**ACTION ITEM**
Could you write out exactly, and only, the lines from the one containing "A Tredici Black" through the last line of the data, leaving out all pictures?

**DATA BELOW**
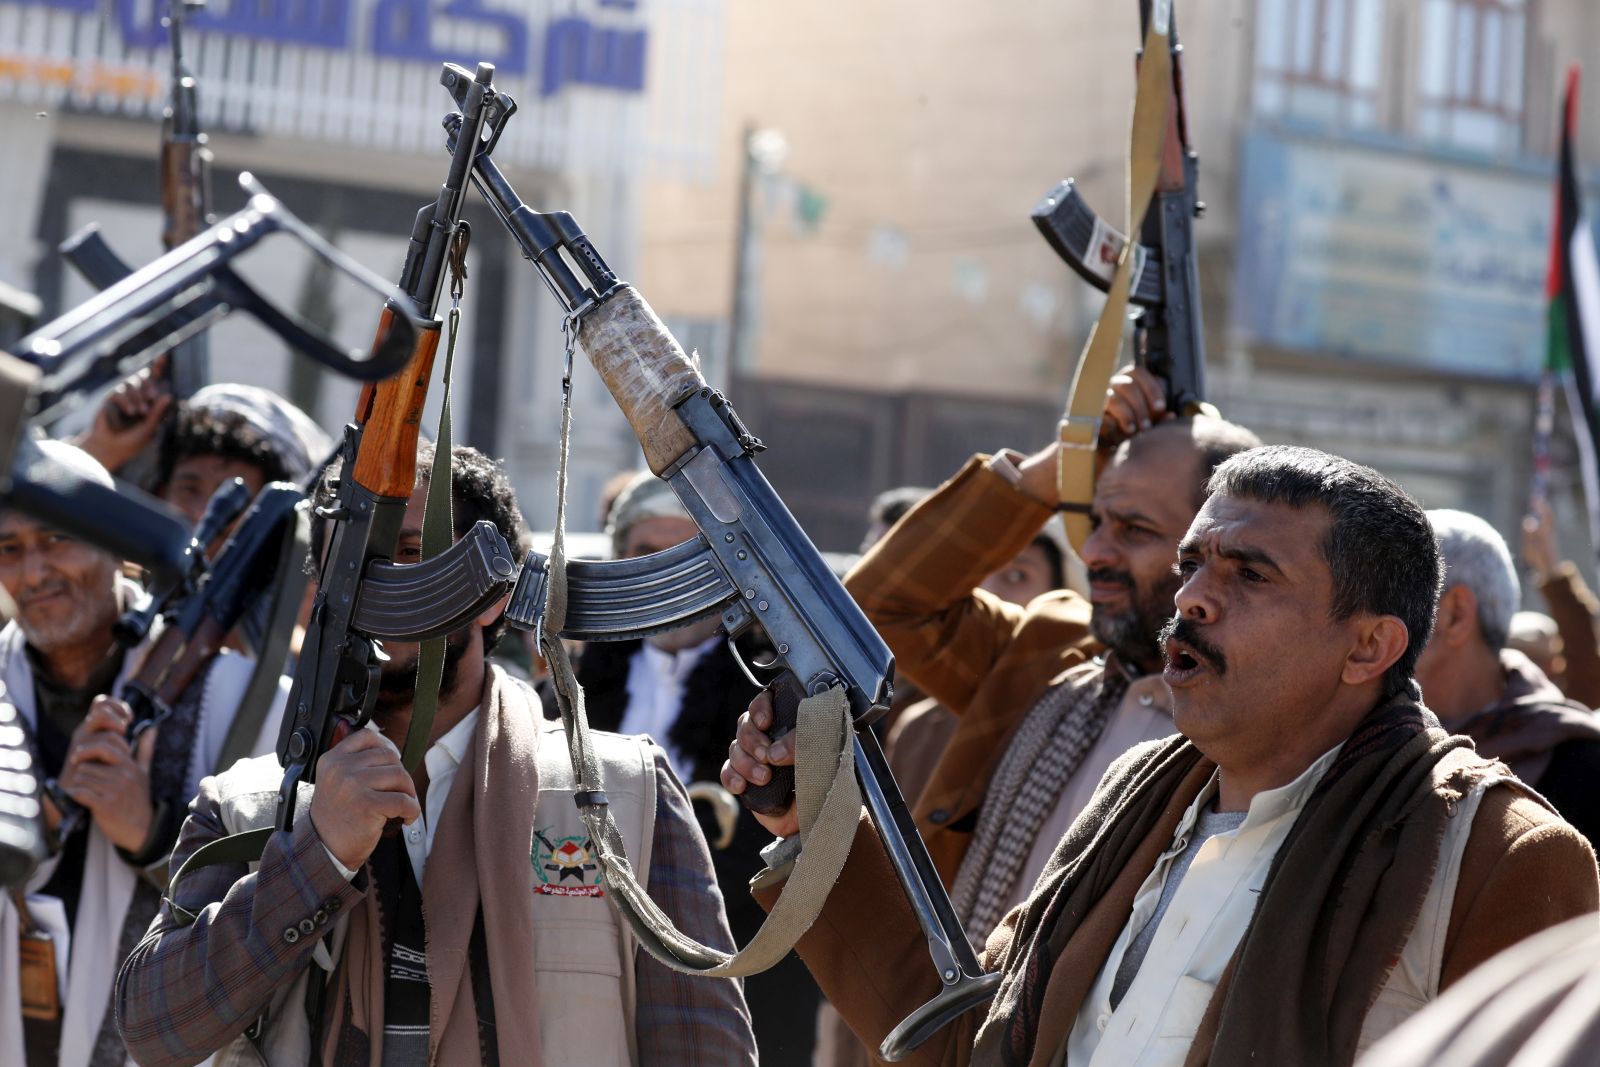 epa11070044 Newly-recruited members of the Houthis' popular army hold up their weapons during a gathering at the end of a military training, in Sana'a, Yemen, 11 January 2024. Yemen's Houthis top leader Abdul-Malik Al-Houthi has warned in a televised address on 11 January that any US military operation against his movement will never go unanswered, two days after the Houthis launched a large-scale missile and drone attack against international shipping lanes in the Red Sea, in response to a previous US Navy attack on Houthi boats in the Red Sea that killed 10 Houthi fighters on 31 December 2023. The US Department of Defense had announced in December 2023 a multinational operation to safeguard trade and to protect ships in the Red Sea amid the recent escalation in Houthi attacks. The Houthis have vowed to attack Israeli-bound ships and prevent them from navigating in the Red Sea and the Bab al-Mandab Strait in retaliation for Israel's airstrikes on the Gaza Strip.  EPA/YAHYA ARHAB
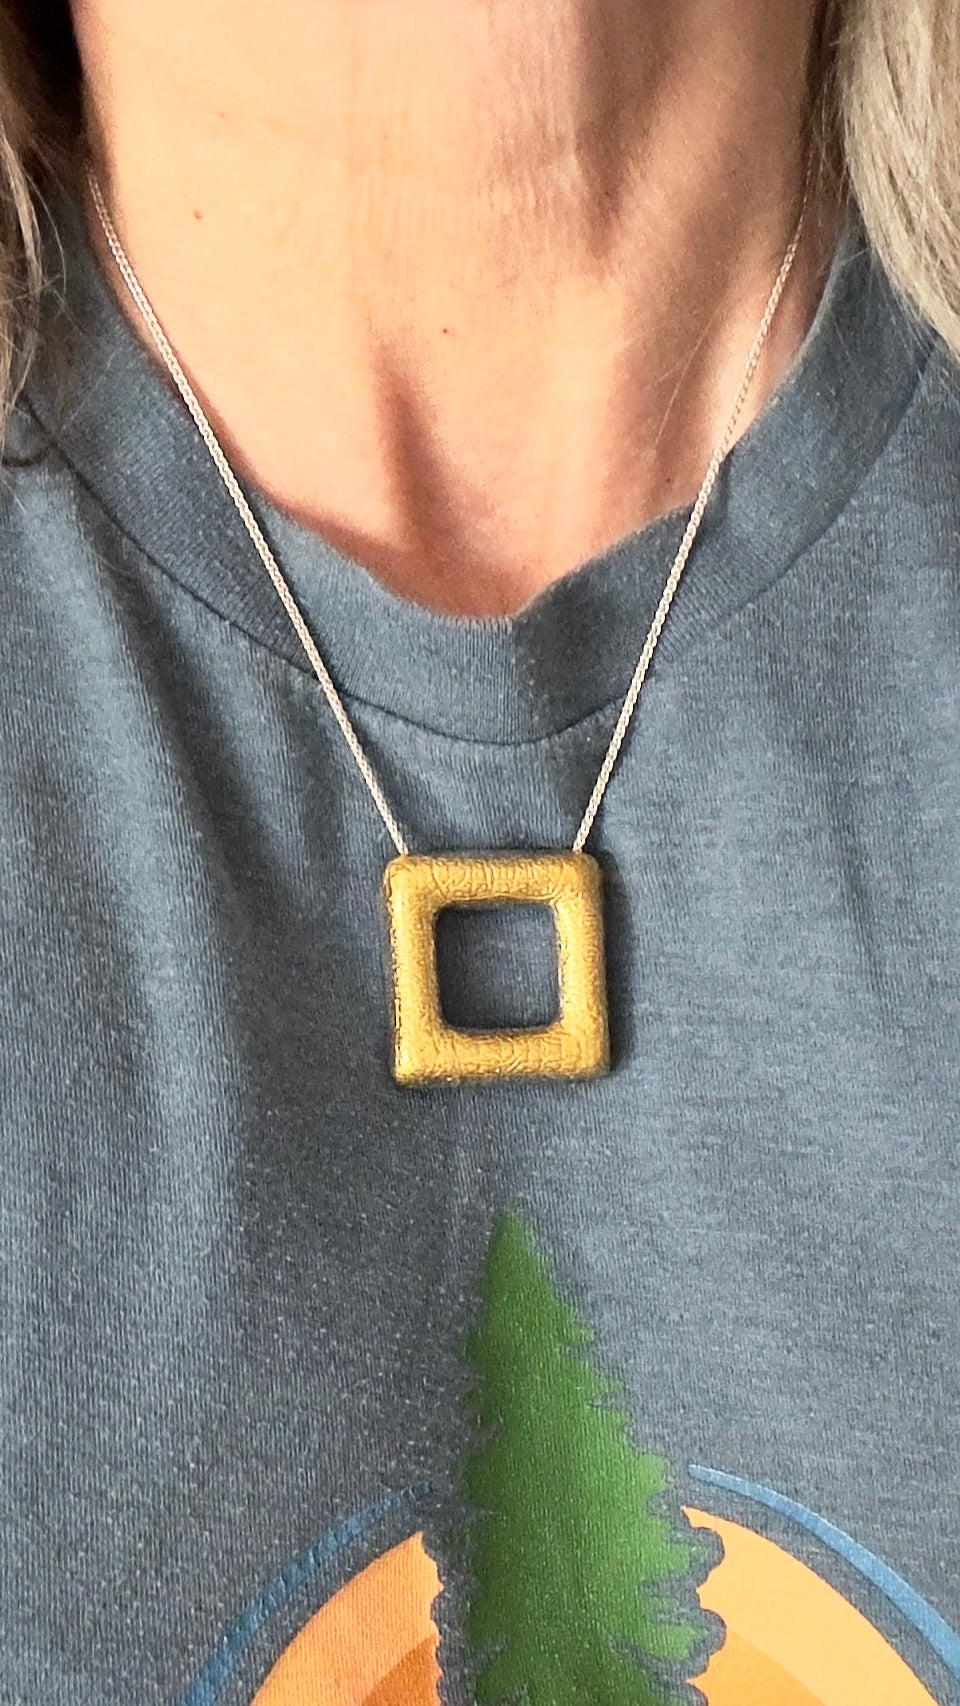 Square Hollow form Pendant with Gold
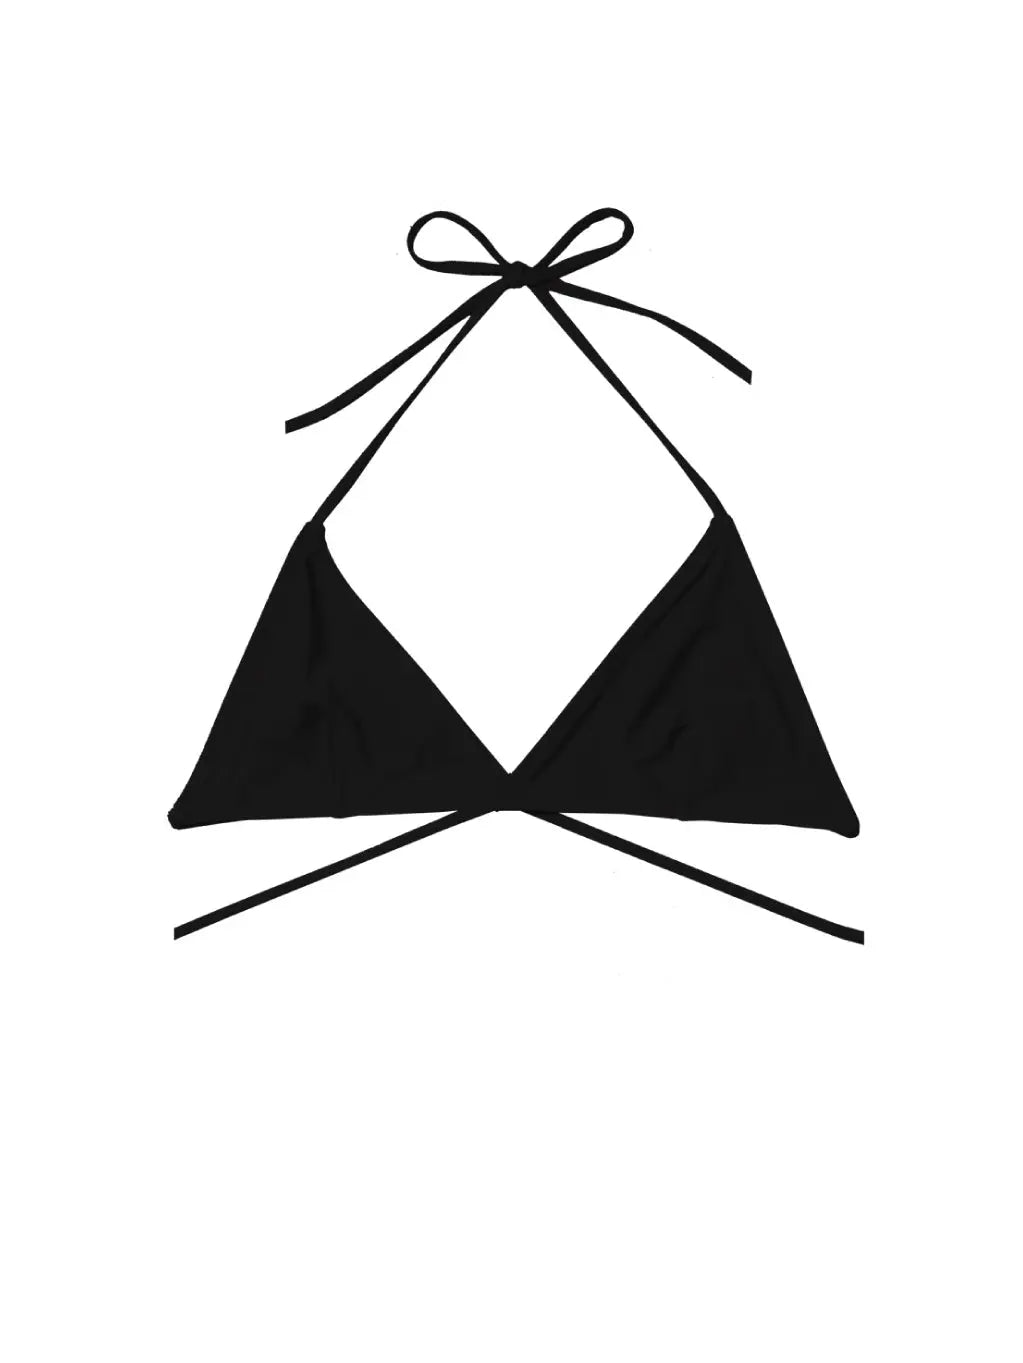 A Tredici Black Bikini Top by Lido with thin straps and a halter neck tie, available at Bassalstore Barcelona. The top features triangular cups and an additional wrap-around tie for securing the garment around the torso. The image has a minimalist white background.
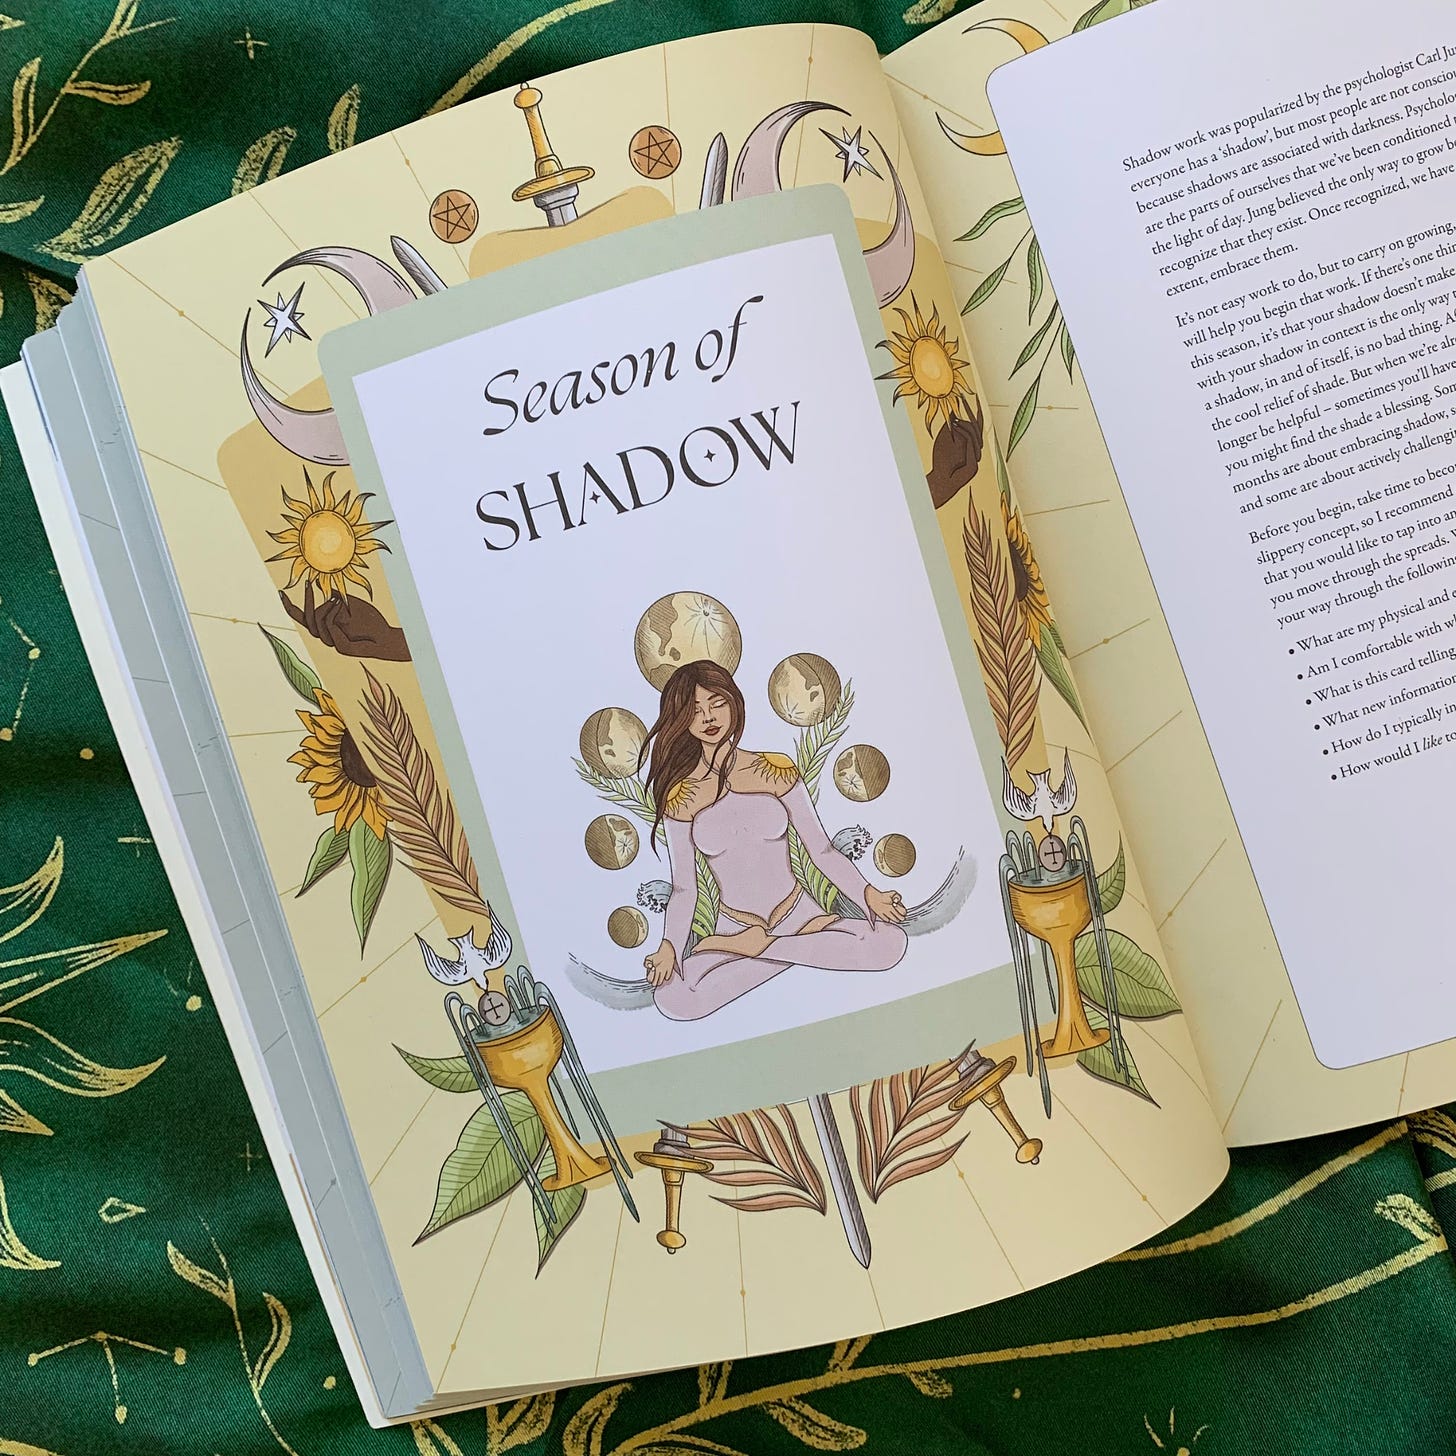 An illustrated page from the Season of Shadow chapter in The Tarot Spreads Yearbook by Chelsey Pippin Mizzi

**OUTPUT FOR THIS TASK**
 A Tredici Black Bikini Top by Lido with thin straps and a halter neck tie, available at Bassalstore Barcelona. The top features triangular cups and an additional wrap-around tie for securing the garment around the torso. The image has a minimalist white background.
 An illustrated page from the Season of Shadow chapter in The Tarot Spreads Yearbook by Chelsey Pippin Mizzi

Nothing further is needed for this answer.